By a similar argument to case 1, we can see that

$$\exists (\sigma_a, \delta_a) \in a, \exists (\sigma_b, \delta_b) \in b : (\sigma_a, \delta_a) \notin a \sqcup b \lor (\sigma_b, \delta_b) \notin a \sqcup b$$

which is a contradiction.  $\Box$ 

#### 6.3.3 Index Selection Pass

The index selection pass identifies the minimum overhead necessary to align each section of the program with the target power trace. When the SETA pass is complete, a single pass through the CFG chooses the start index in  $\beta$  of each basic block. The CFG has already been annotated with all of the options for the start and end indices. It is enough to perform

a single pass to select the best choice. Each option for a start index corresponds to the possible end of a predecessor in the CFG. We locally minimize the injected instruction overhead by choosing the start index that results in the least number of samples between each basic block and its predecessors, plus the number that must be added within the basic block itself.

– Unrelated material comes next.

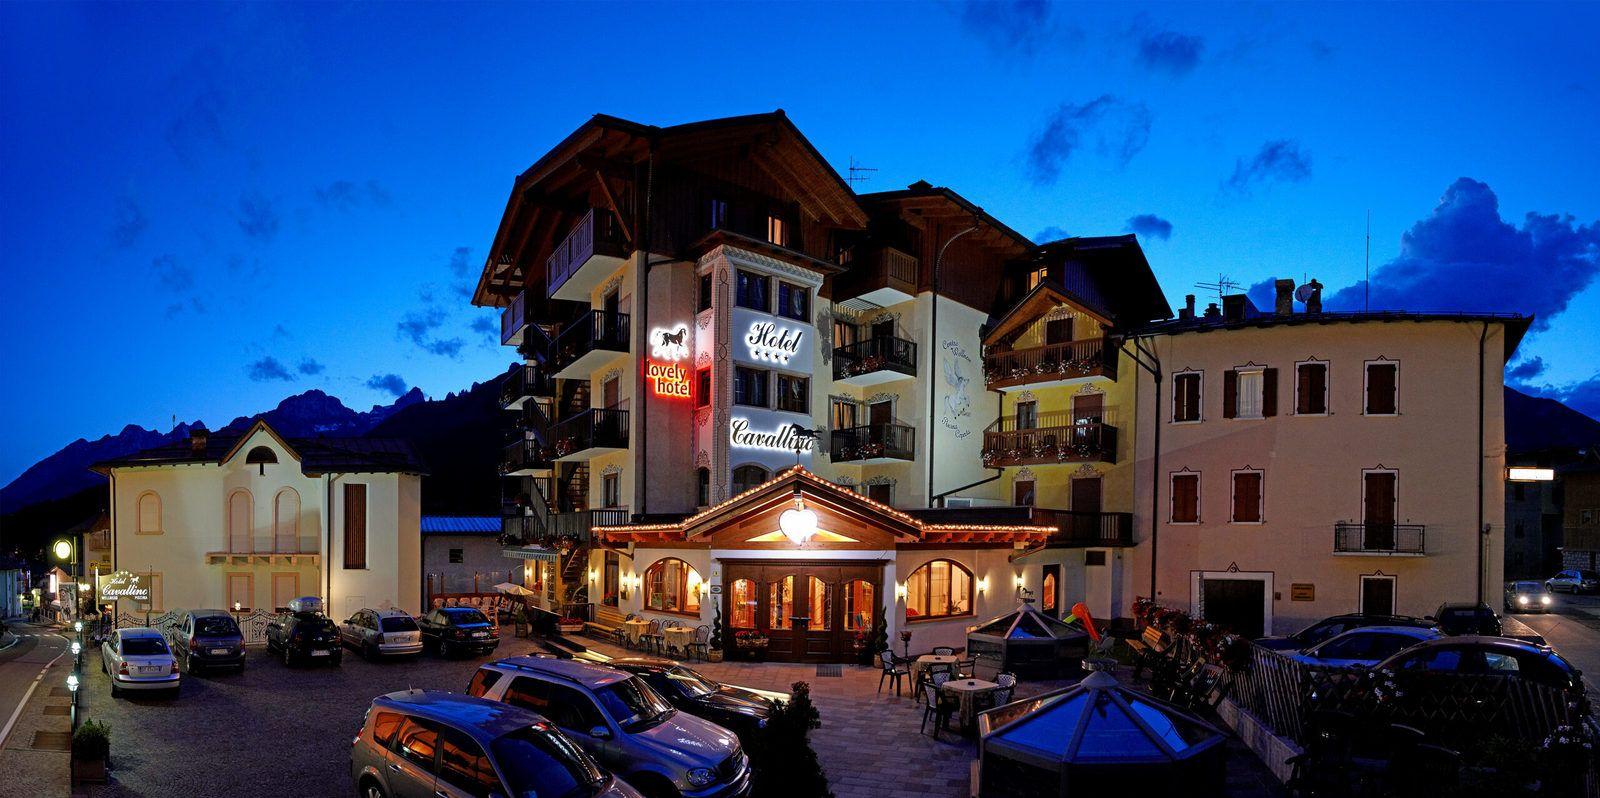 Hotel Cavallino ad Andalo in Trentino

Given the set of pairs  $S \subseteq L$  of start and end indices obtained from applying SETA, for each basic block, we find the optimal start index  $\hat{\sigma}$  as follows, where  $n = |\beta|$ :

$$\hat{\sigma} = \underset{(\sigma,\delta)\in\mathcal{S}}{\operatorname{arg\,min}} \ (\delta - \sigma) + \sum_{(\sigma_b,\delta_b)\in\mathcal{S}} (\sigma - \sigma_b + n) \bmod n \tag{6.4}$$

Figure 6.4 illustrates this with an example where we find  $\hat{\sigma}$  for basic block C. Its  $\mathcal{S}$  set contains two elements, both of which originate from the  $\mathcal{S}$  sets of its predecessors. The cost for  $(\sigma, \delta) = (3, 6)$  is  $10 = (6-3) + ((3-5+9) \mod 9)$ , while the cost for  $(\sigma, \delta) = (5, 9)$  is  $6 = (9-5) + ((5-3+9) \mod 9)$ . The first part of the calculation  $(\delta - \sigma)$  counts the execution time of C if the  $(\sigma, \delta)$  value is chosen. The second part (the sum term) counts the execution time of instructions that will be injected between C and its predecessors where their end indices are not aligned with the start of C. This is further explained in Section 6.3.4.



Figure 6.4: Selecting start and end indices

If the probability of execution for the predecessors of the basic block are known, we can include them as weights in the equation to minimize the average overhead:

$$\hat{\sigma} = \underset{(\sigma,\delta)\in\mathcal{S}}{\operatorname{arg\,min}} \ P_{(\delta,\sigma)}\left((\delta-\sigma) + \sum_{P(\sigma_b,\delta_b)}((\sigma-\sigma_b+n) \bmod n)\right)$$

$$\tag{6.5}$$

where  $n = |\beta|$ ,  $P_{(\sigma,\delta)}$  is the probability of execution of the predecessor(s) corresponding to the pair  $(\sigma, \delta) \in \mathcal{S}$ , and the sum is taken over  $(\sigma_b, \delta_b) \in \mathcal{S}$ .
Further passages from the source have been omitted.